Let's talk more about Agentic Systems
The main idea of agentic systems is autonomous or partially autonomous work with tasks that are almost impossible to determine.
They have an interactive environment with tools they could utilize depending on the situation. Their environment is tailored for AI agents. In some way, they could be called agents first, as a major part of their functionality exists to provide agents with the necessary information and level of interaction with real-world data.
In this case, humans only set high-level tasks and receive the results.
Let's look at examples
AI Automation
A system sends emails with basic personalization based on user form data. Data, interface, templates are fixed. The only variable is user data, which is used by a generative model to create more personalized messages compared to simple template with user's name.
AI Workflow
A system sends emails considering additional data that works as logical gates - if-then-else. Models within the workflow help to choose user cohorts, templates, content recommendations, etc. Usually, classical ML models or LLMs are used to test approaches before training tailored ML models. But they don't perform orchestration and don't call tools.
AI Agent
The system can communicate with users via chat or email. It can request additional data by calling necessary tools (check user balance or order history). Such system can perform non-strictly determined tasks within available tools and data. Could store history of conversation to be more personalized.
Agentic System
A CRM system with multiple agents that can interact with users (internal and external) in various formats. Agents have access to various tools and data that can be used to solve tasks. They help set proper configurations for CRM itself and interact with real-world data. They can also make changes to the system structure - whether creating database migrations or adding new tools to solve tasks. That is, besides the agents themselves, they are in an environment that allows them to interact with real data, users, and tools and add necessary functionality.

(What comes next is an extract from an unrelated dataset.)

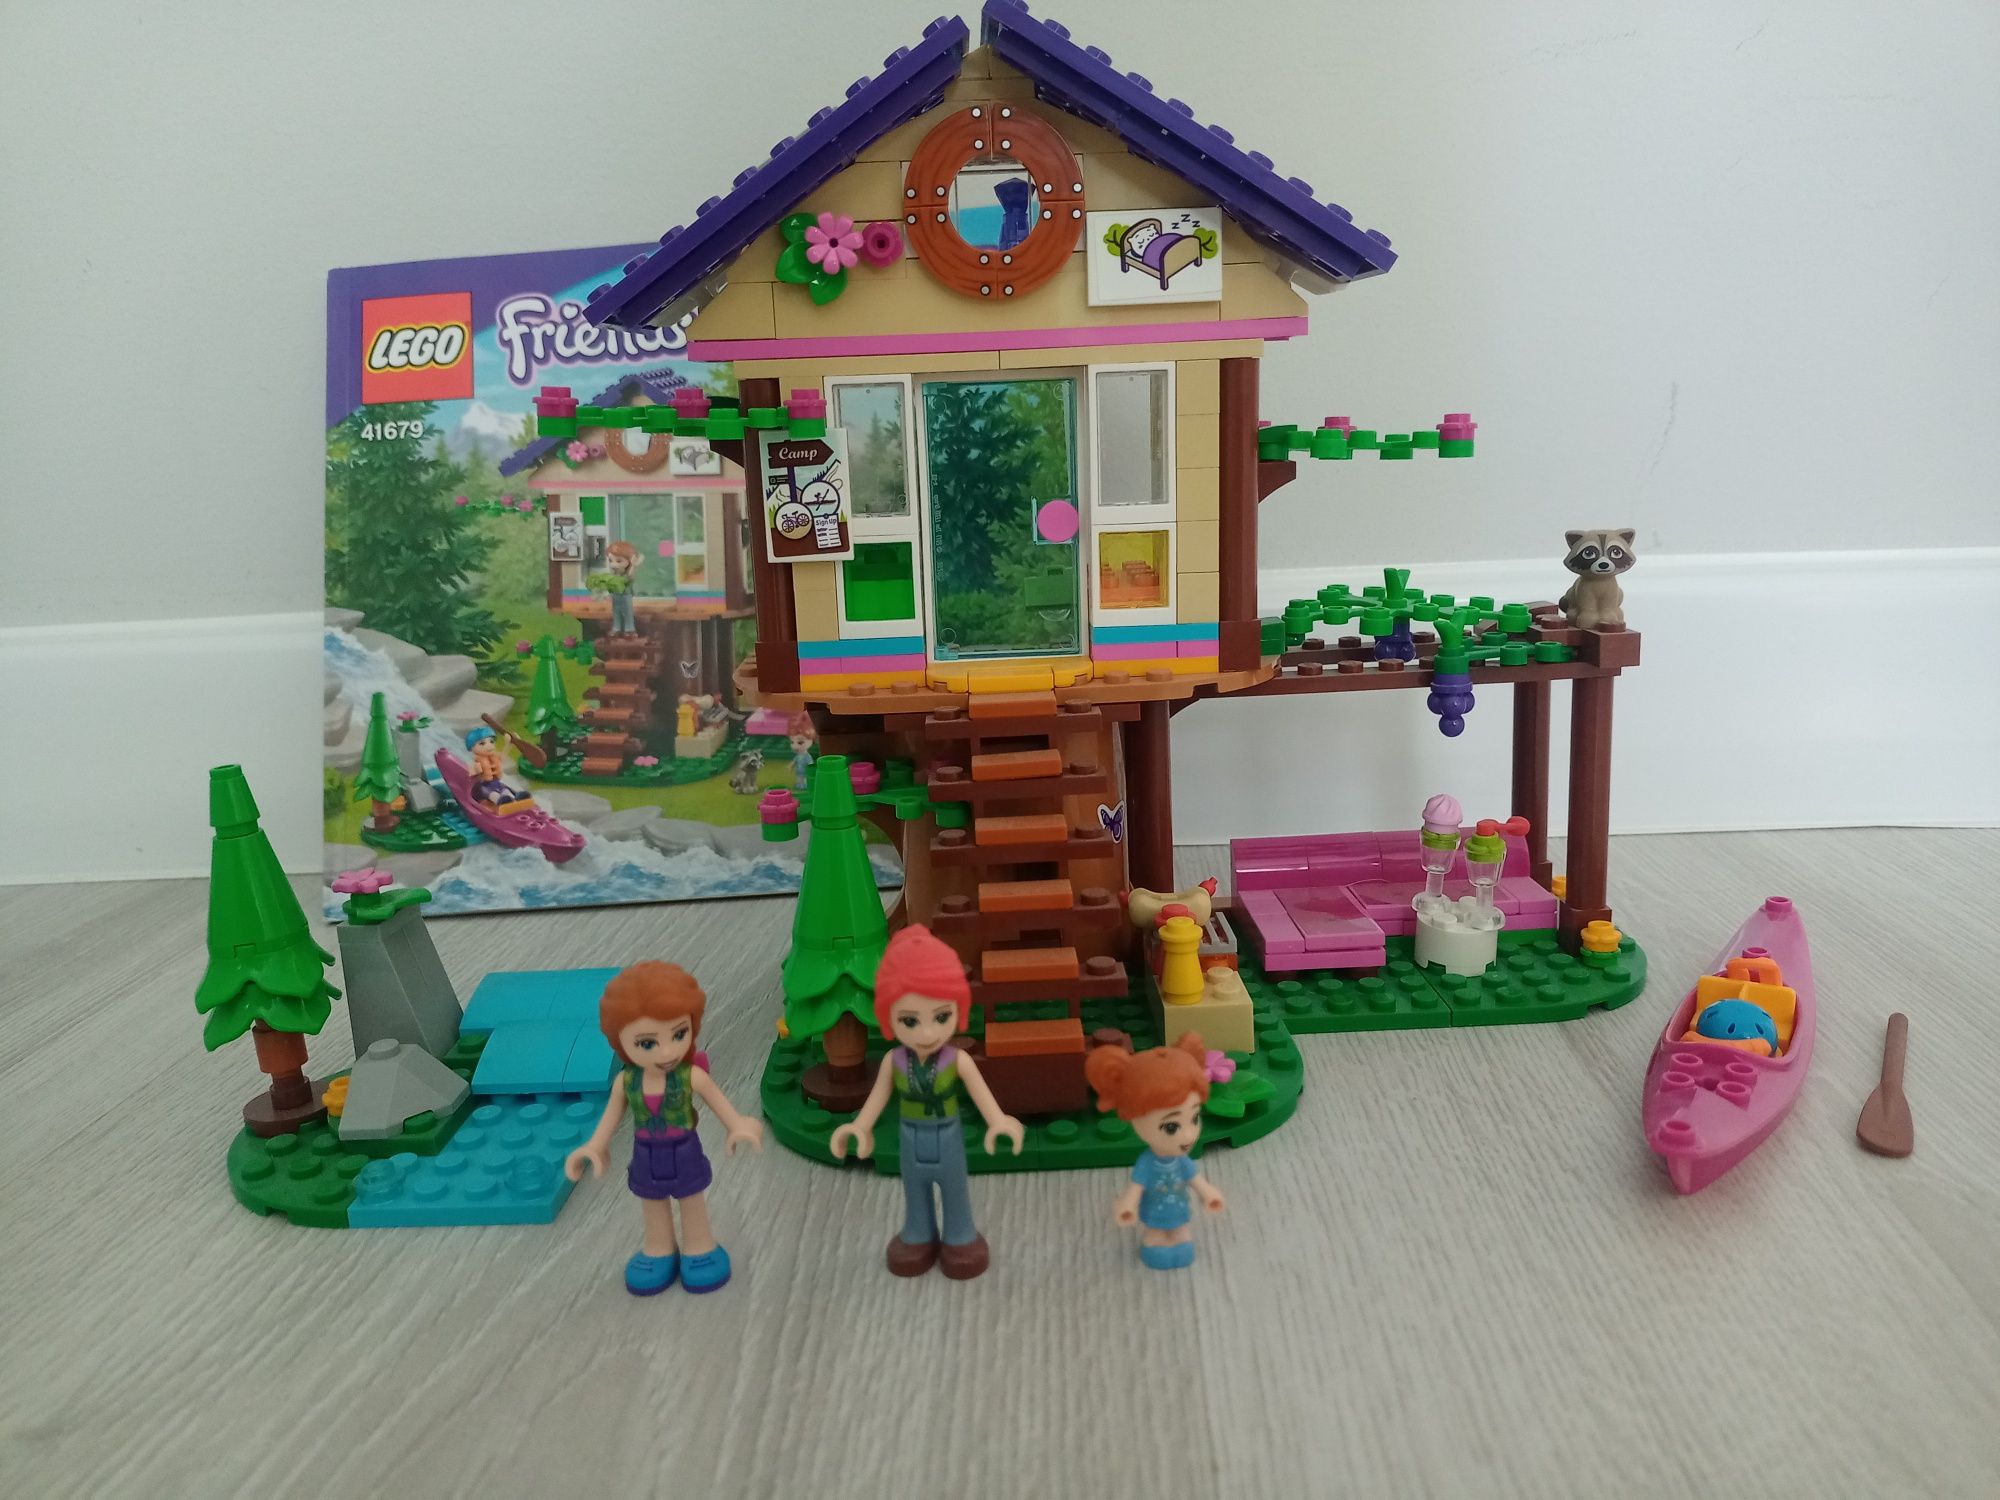 LEGO friends 41679 domek na drzewie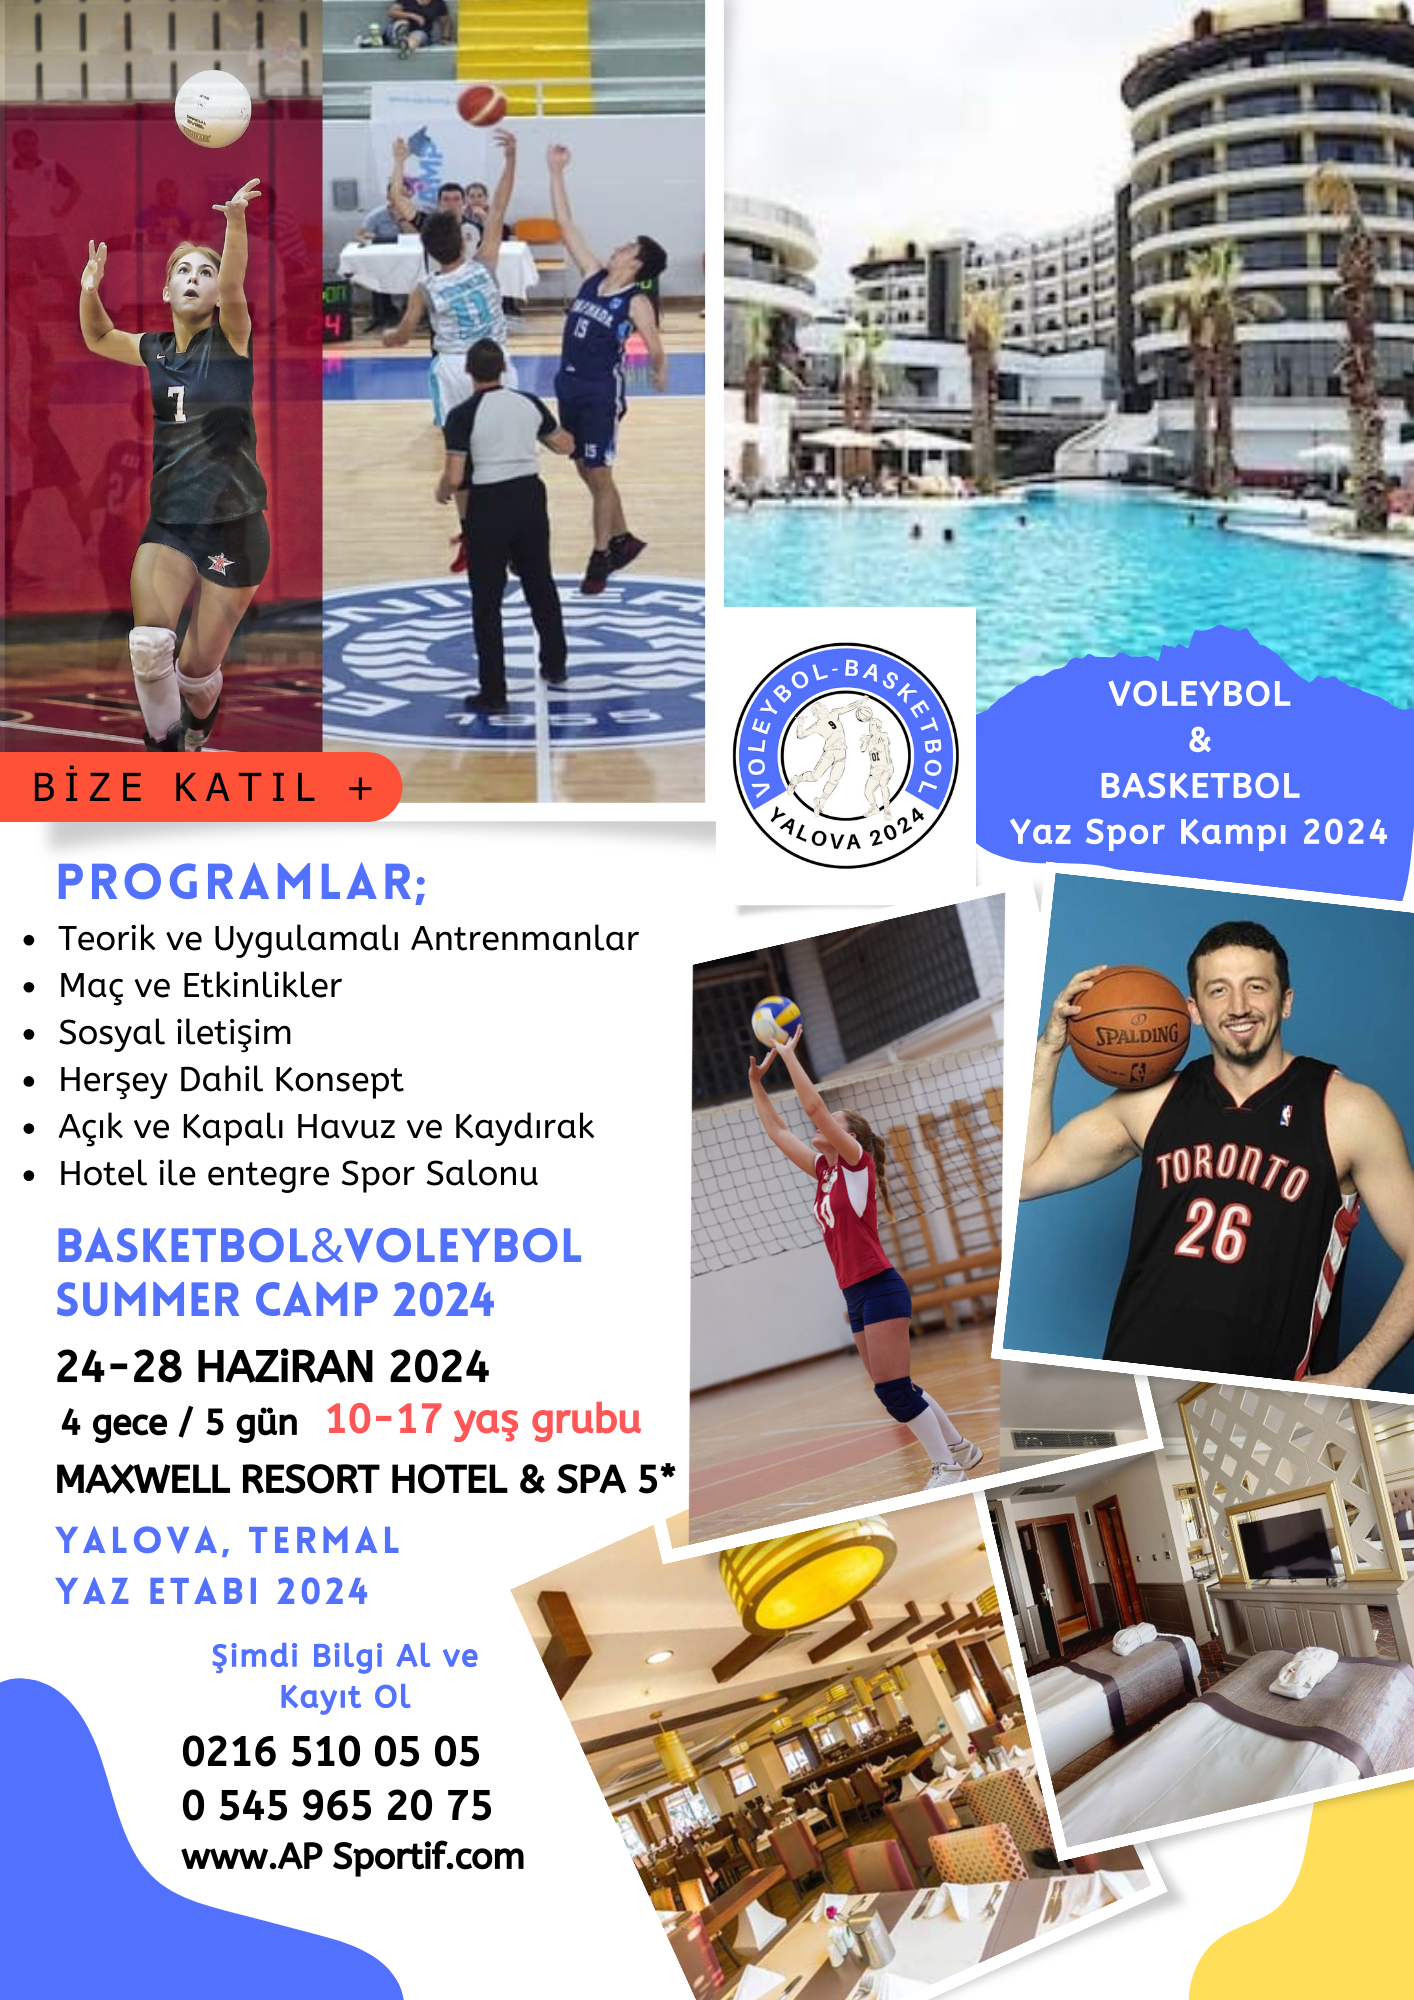 <p>24-28 Haziran (Pazartesi gidiş-Cuma d&ouml;n&uuml;ş) tarihlerinde İstanbul'a yakın konumda ve uygun şartlarda Yalova, Termal b&ouml;lgesindeki Maxwell Resort Hotel&amp;SPA tesislerinde ger&ccedil;ekleşecek kampımızın bilgilerini aşağıdaki dosyada sizlerle paylaşıyoruz.<br />2007-2014 arası doğumlu sporcularımız kampımıza katılabilecek olup, 2015 doğumlu sporcularımız i&ccedil;in antren&ouml;rlerimizden onay almanızı rica ederiz. 2015 doğumlu sporcular velileriyle katılabilecektir ancak gelmek isteyen diğer yaş grubu velilerimizin idari sorumlumuza bilgi vermelerini rica ederiz. Bu velilerimize daha sonra d&ouml;n&uuml;ş yapılacaktır. <br />Velilerimizi yararlanabileceği Termal otel konseptindeki Maxwell Resort Hotel&amp;SPA;<br />Tam donanımlı profesyonel 6000 m&sup2; SPA merkezimizde; Masaj Odaları, Jakuzi, Havuz, Vip Terapi Odaları,<br />G&uuml;zellik Merkezi, Bakım Odaları, Tuz Odası, Sauna, Buhar Odası, &Ouml;zel Aile Hamamları, A&ccedil;ık ve Kapalı Termal Su Havuzları ve daha bir&ccedil;ok &ccedil;eşitlilikte hizmetler sunmaktadır.<br />Otel şehir merkezine 8 Km, Bursa ve İstanbul&rsquo;a 1 saatlik mesafededir.</p>

Interactive environment for agents:
Discover Tools: Dynamically find and learn how to use new tools
Access Data: Query and manipulate both structured and unstructured data
Modify Environment: Add new tools, update configurations, create workflows
Monitor Results: Track outcomes and adjust strategies
Communicate: Exchange information with other agents, systems, and humans
For example, Ardor is an environment and platform for creating agentic solutions. It has a Copilot (agentic system) that helps to create AI Agents. Since Copilot has vertical integration with Ardor, it can use all the tools and data available in Ardor, including having access to its own architecture (not a model, but a system with all tools and data). This allows it to supplement it with new tools and functions, depending on the task that needs to be solved.